Two differentially structured collagen scaffolds for potential urinary bladder augmentation: proof of concept study in a Göttingen minipig model

Six adult female Göttingen minipigs aged 17.8 ± 1.0 months with an average weight of 44.8 ± 3.9 kg (mean ± SD) were obtained from a specific pathogen-free (SPF) breeding facility (Ellegaard Göttingen Minipigs A/S, Dalmose, Denmark) and clinically examined by a veterinarian after arrival. All animals were acclimatized for at least 14 days prior to the study.

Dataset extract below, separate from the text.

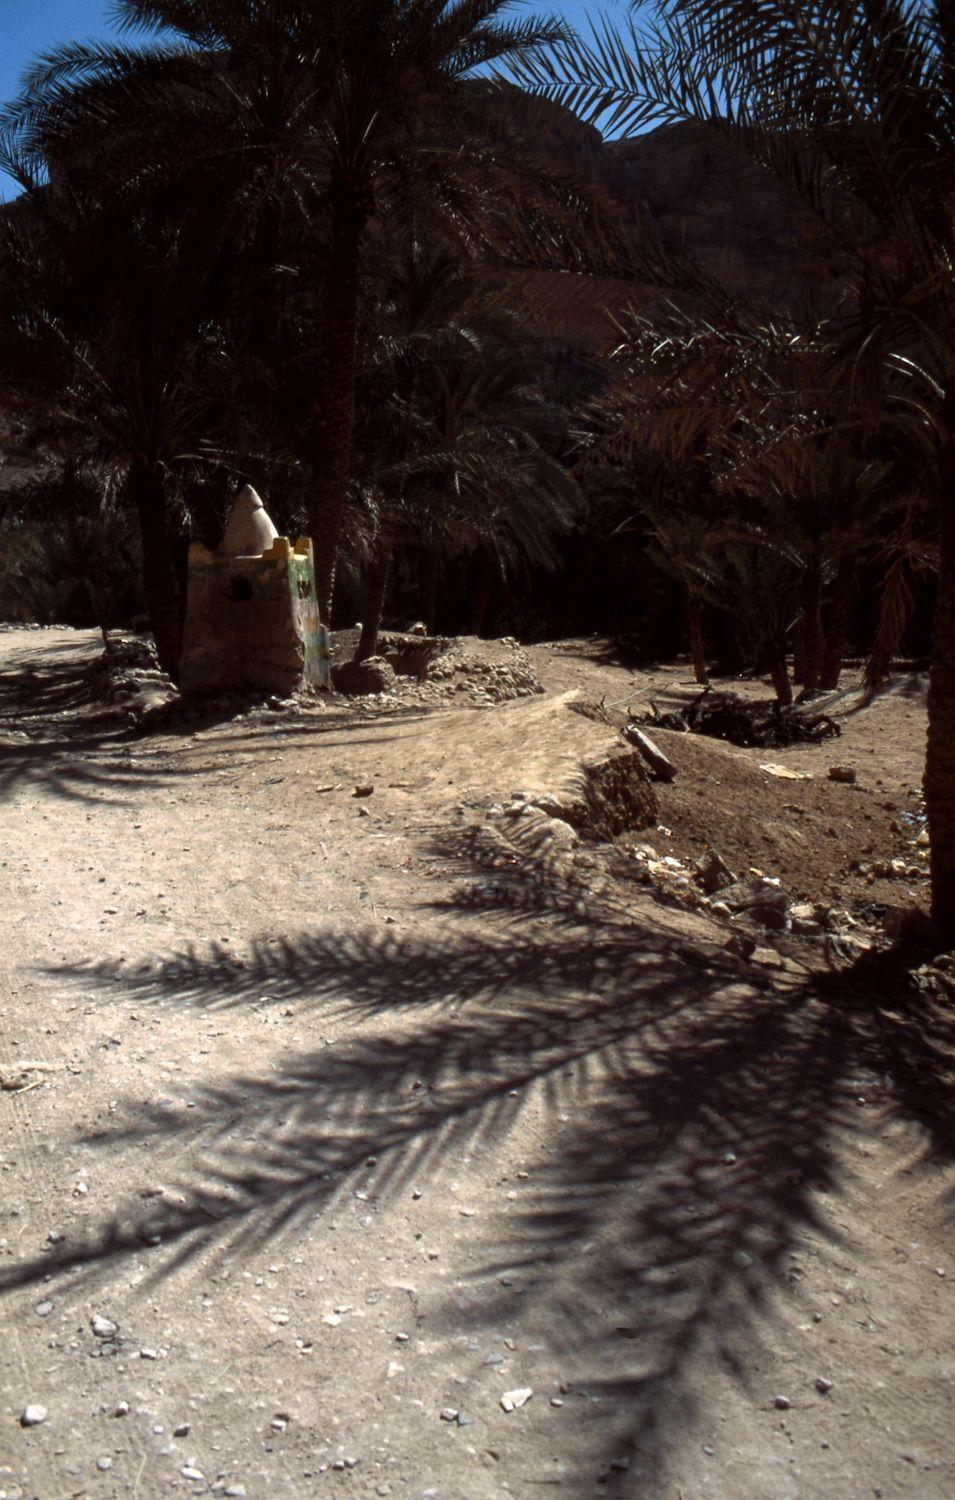 Peggy Crawford - Wadi Doan un Khoreibe. Small monument in a palm grove on the road between Wadi Doan and Al Khuraybah
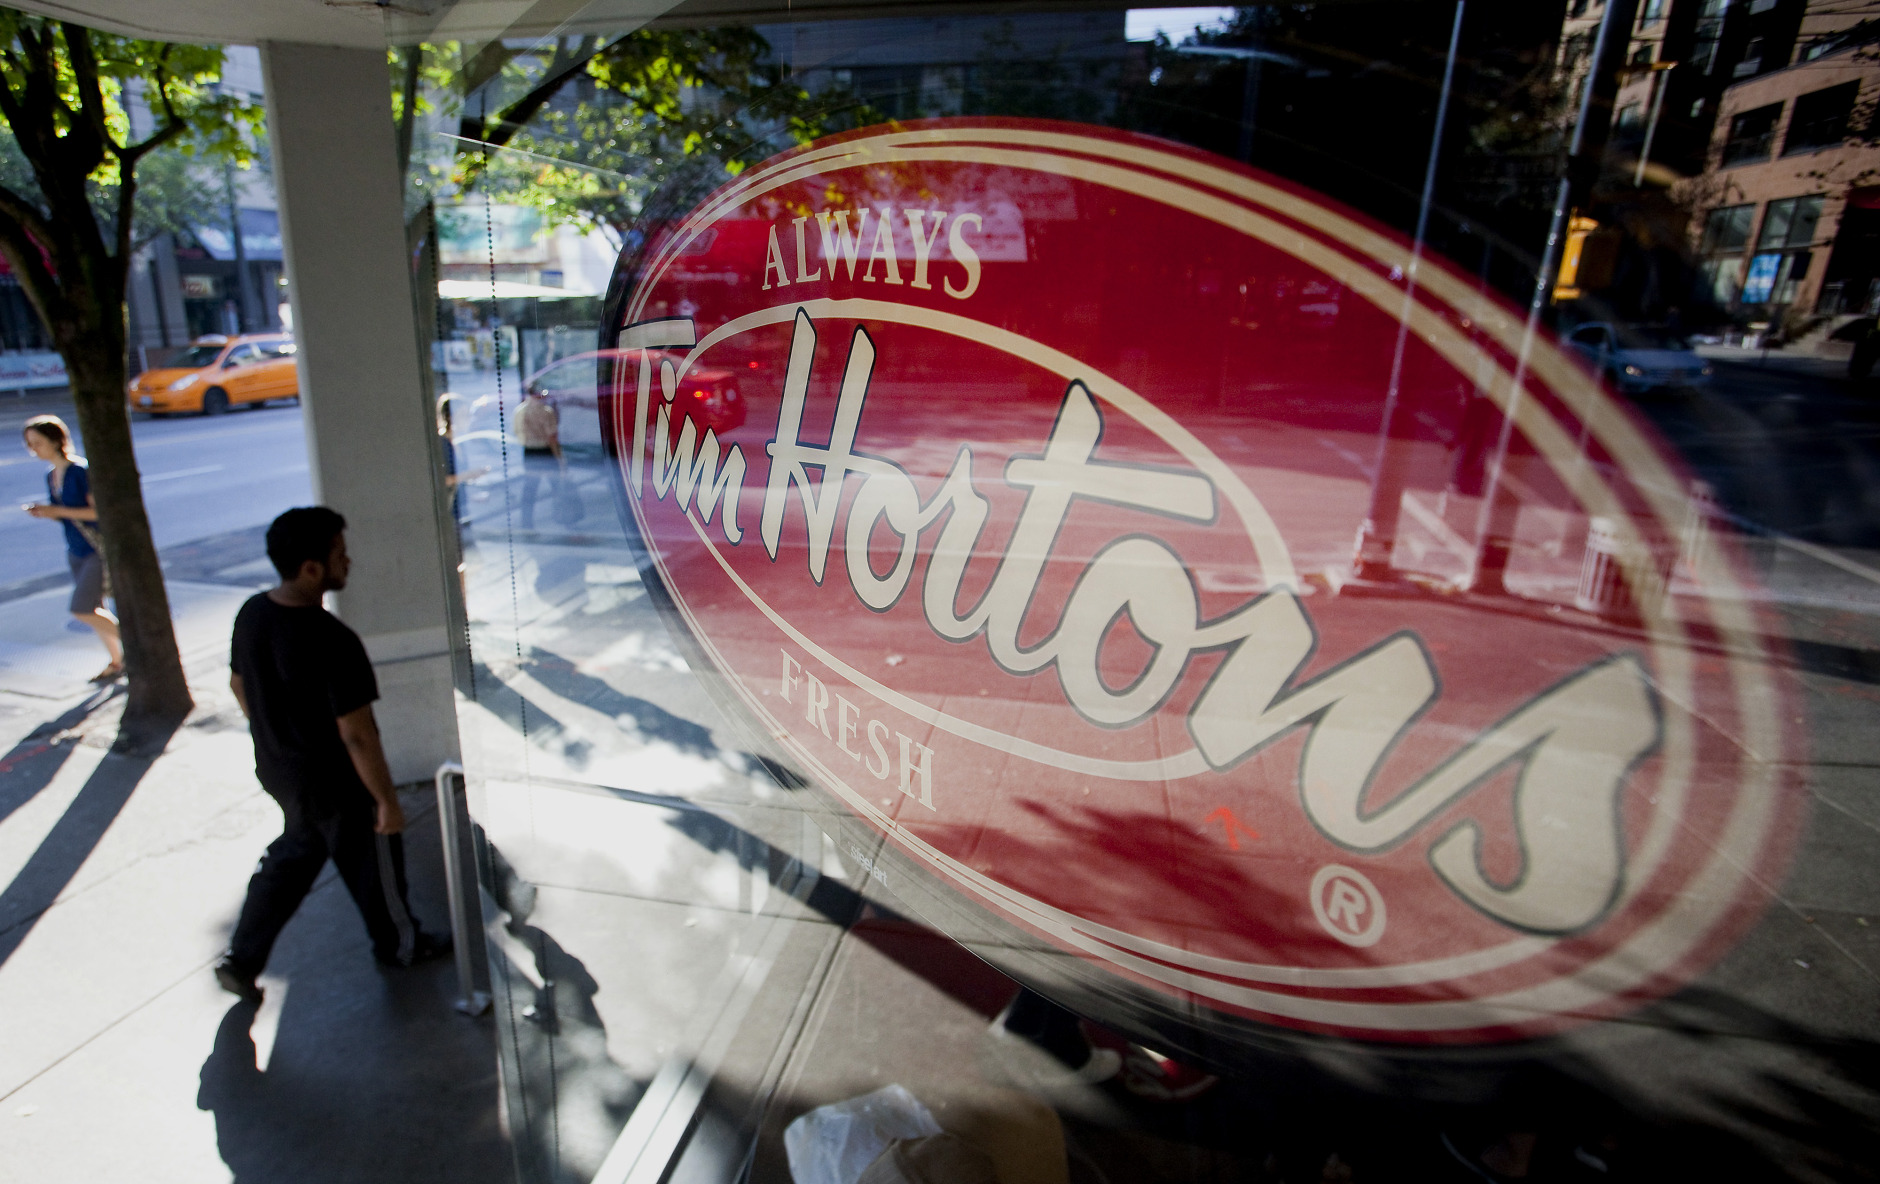 Tim Hortons pulls Beyond Meat products from Ontario, British Columbia

In a first operation (OPI), two OptiMaix 2D and two OptiMaix 3D without cells were implanted into the ventral urinary bladder wall of a Göttingen minipig. The excised bladder tissue was used for the isolation and tissue culturing of UCs and SMCs (see below). Scaffolds were seeded with autologous tissue cultured UCs and SMCs after 3 weeks, and remained in an incubator for another three weeks prior to the implantation. During operation II (OPII), one of the implanted OptiMaix 2D and 3D scaffolds, was excised and substituted by an appropriate, freshly prepared naïve 2D or 3D scaffold of the same shape. Accordingly, an initial assessment of implant–host integration after 6 weeks was possible. Additionally, two cell-seeded OptiMaix 2D scaffolds were implanted into the right, and one cell-seeded OptiMaix 3D scaffold was implanted into the left dorsal bladder wall (Fig. 1).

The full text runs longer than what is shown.